In sheltered, shallow bays like Matagorda Bay in Texas and other areas with shallow flats you can often wade with sneakers and cast to moving fish in ultra-clear water often not deeper than two feet. Many feel such fishing best tests fishermen. You need an accurate cast, light lure and light line so you don't scare the fish. Then it's "Hang on, Sam!" as fish such as sea trout, reds, snook or bonefish streak away over the flats. In many cases fishermen and guides make high-speed runs through shallow water to the area they plan to fish, then wade until they cast to cruising fish. Sometimes you cast to tails, other times you can't see fish but can see their shadows or the puffs of sand or mud they make when feeding. On these kinds of flats the incoming or high and early outgoing tides work best.

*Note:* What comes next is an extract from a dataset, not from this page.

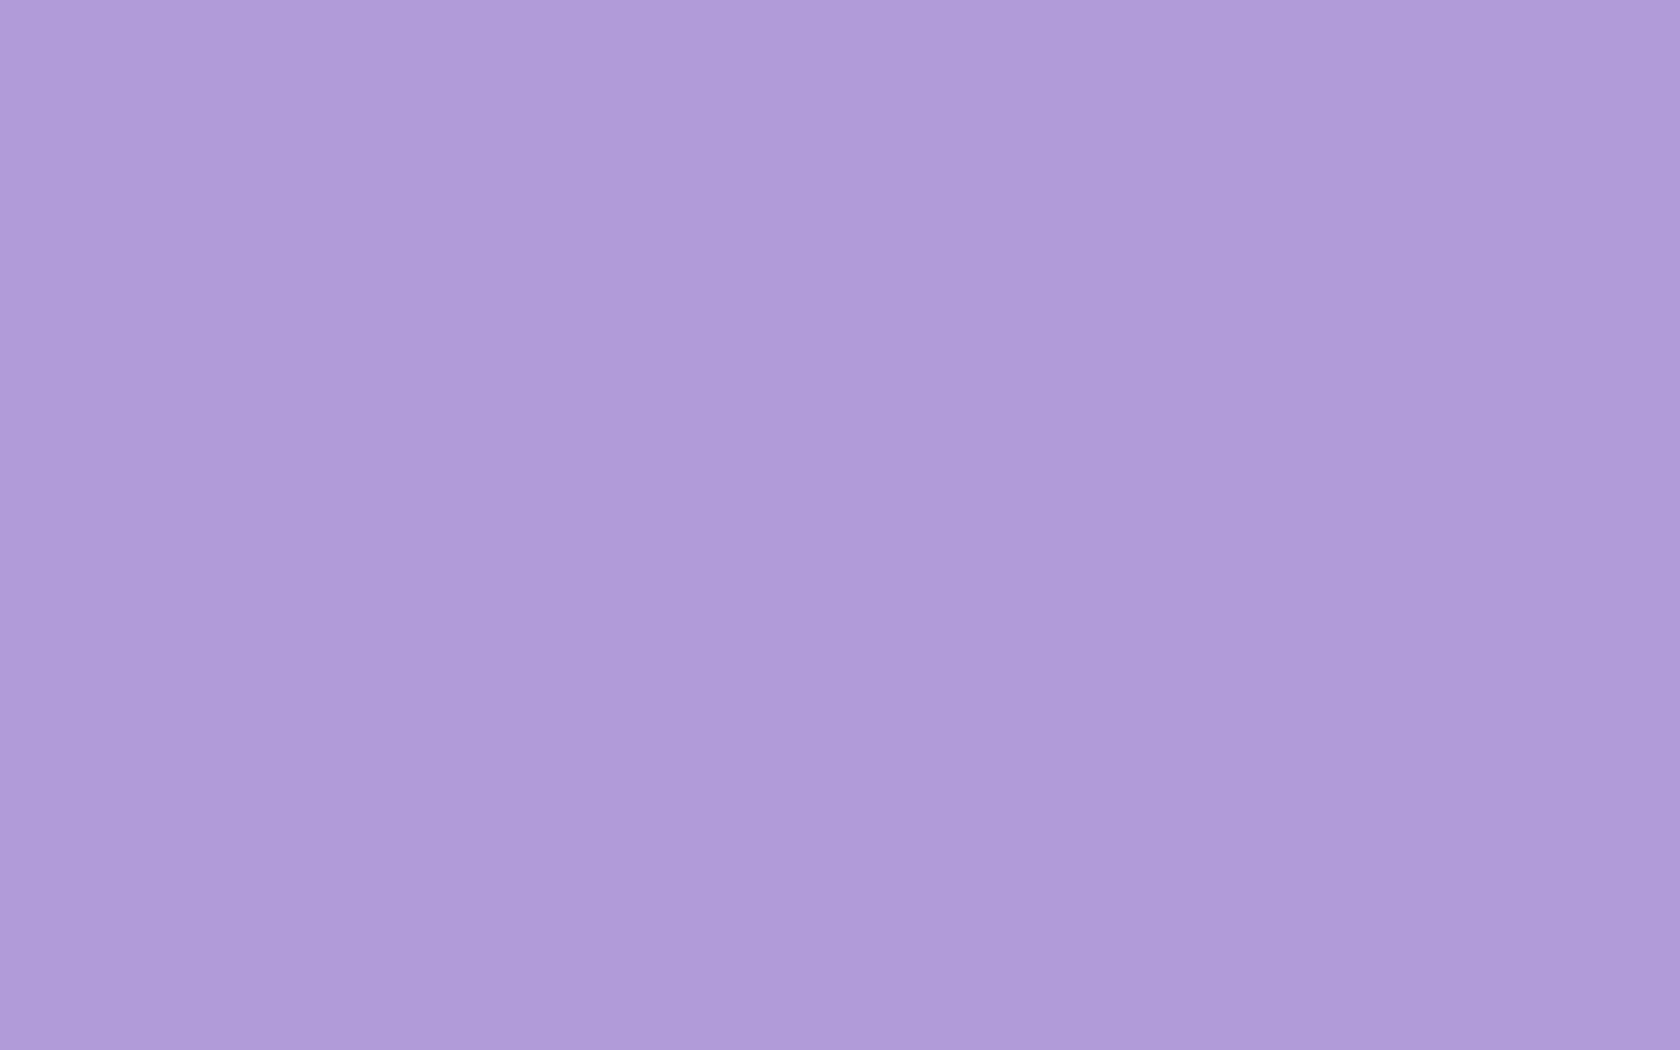 1680x1050 Light Pastel Purple Solid Color Background
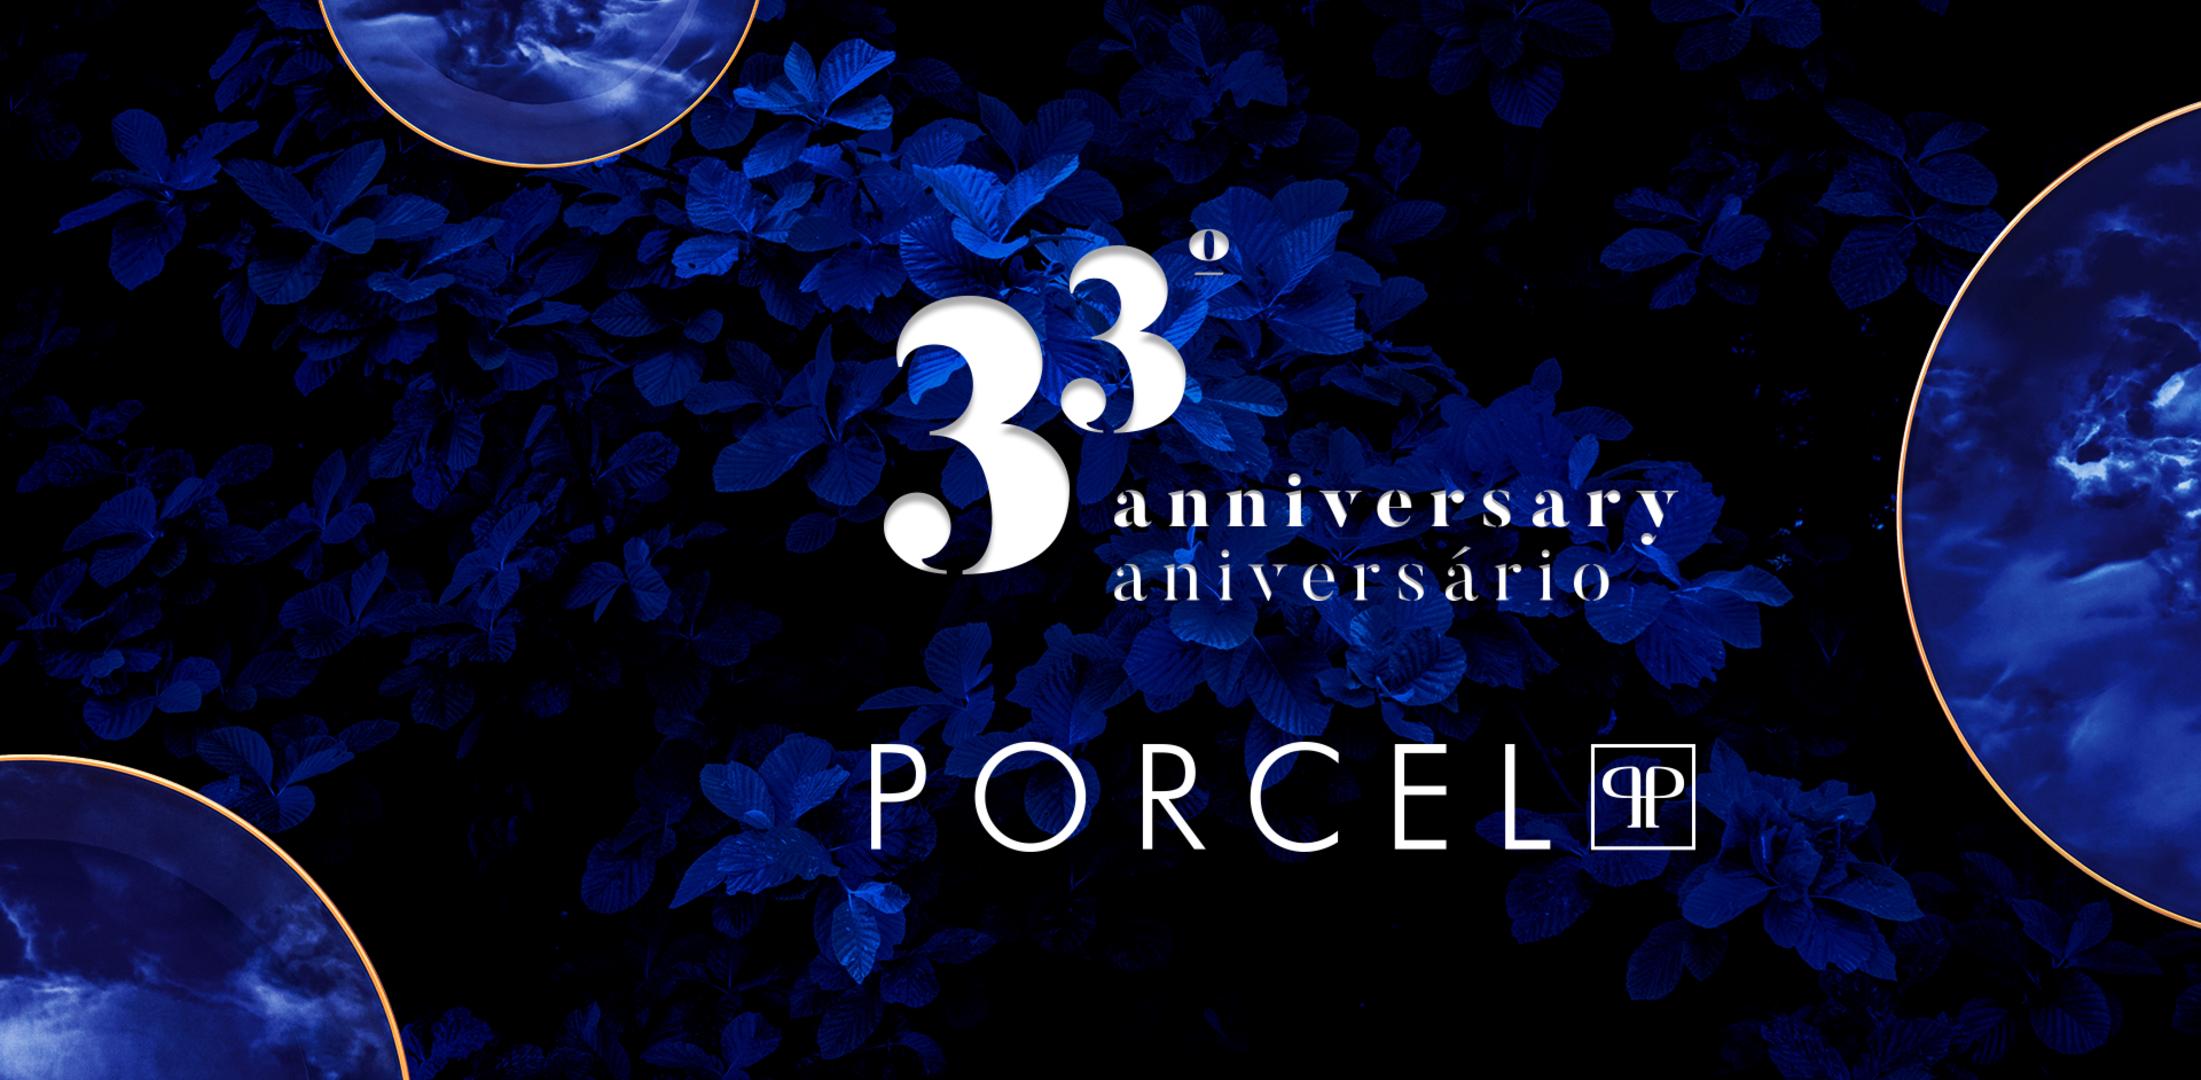 33 Aniversario 0

It's also possible to wade in flats such as those near Watergate and the Bay Bridge in San Francisco Bay. You need a low tide and the ability to stay on sandbars instead of straying off onto stick mud flats. Fish generally follow deeper channels on flats and lurk near stronger currents in deeper water.

Bank fishermen do well on the corners of seawalls or in spots just a cast inshore from clam beds or other likely habitat. Breakwaters and jetties at the mouths of rivers offer particularly good fishing. For example, there's super perch fishing each fall all along the West Coast and a chance to hit steelhead or salmon as they enter freshwater. However, the most consistent results come to jetty fishermen who concentrate on cod, ling, flounder and other bottom fish available year round.

The mouth of any bay also produces if you can find deep water within casting range. Piers on both sides of the Golden Gate Bridge give access to such fishing. So do piers in Port Angeles and other coastal cities from Mexico to Canada.

Piers on open ocean beaches seem a bit tougher for beginners who should stay in bay. Ocean piers are high above the water so require special landing techniques and, usually, heavier tackle. They do, as is the case with Monterey Piers or Pacifica Pier just South of San Francisco, let you reach prime salmon or striped bass. Southern California ocean piers offer mackerel, Bonita, all sorts of perch and, from time to time, barracuda or yellowtail.

Rocky, and in tropical waters, coral reefs offer special excitement. In Northern California, fishermen tie a foot of line to the end of a long cane pole, bait a hook with mussels from the rocks and probe deep into cracks in the reefs at low tide. In tropical waters locals use the same kind of poles with longer lines to fish tide pools. In many cases you can enjoy clamming, musseling or crabbing in the same waters and take home a sack of delicious seafood.

Enjoyment is really the key to coast days. You can watch oil tankers play dodger cars with sailboats in the mouth of the Golden Gate or check the aquatic traffic jams off any Southern California marina. You can listen to the foghorns off Oregon river mouth jetties and imagine them the cries of mysterious sea beasts. You can simply park near the water, toss out a bait, stick your rod in a holder and listen to your favorite sport on the radio as the day passes. Best of all, you escape phones, traffic jams and the cares of the city in fresh ocean breezes. So the fish you catch become a bonus that punctuates an enjoyable day with a period or even exclamation point, rather than the quarry you must seek with grim determination.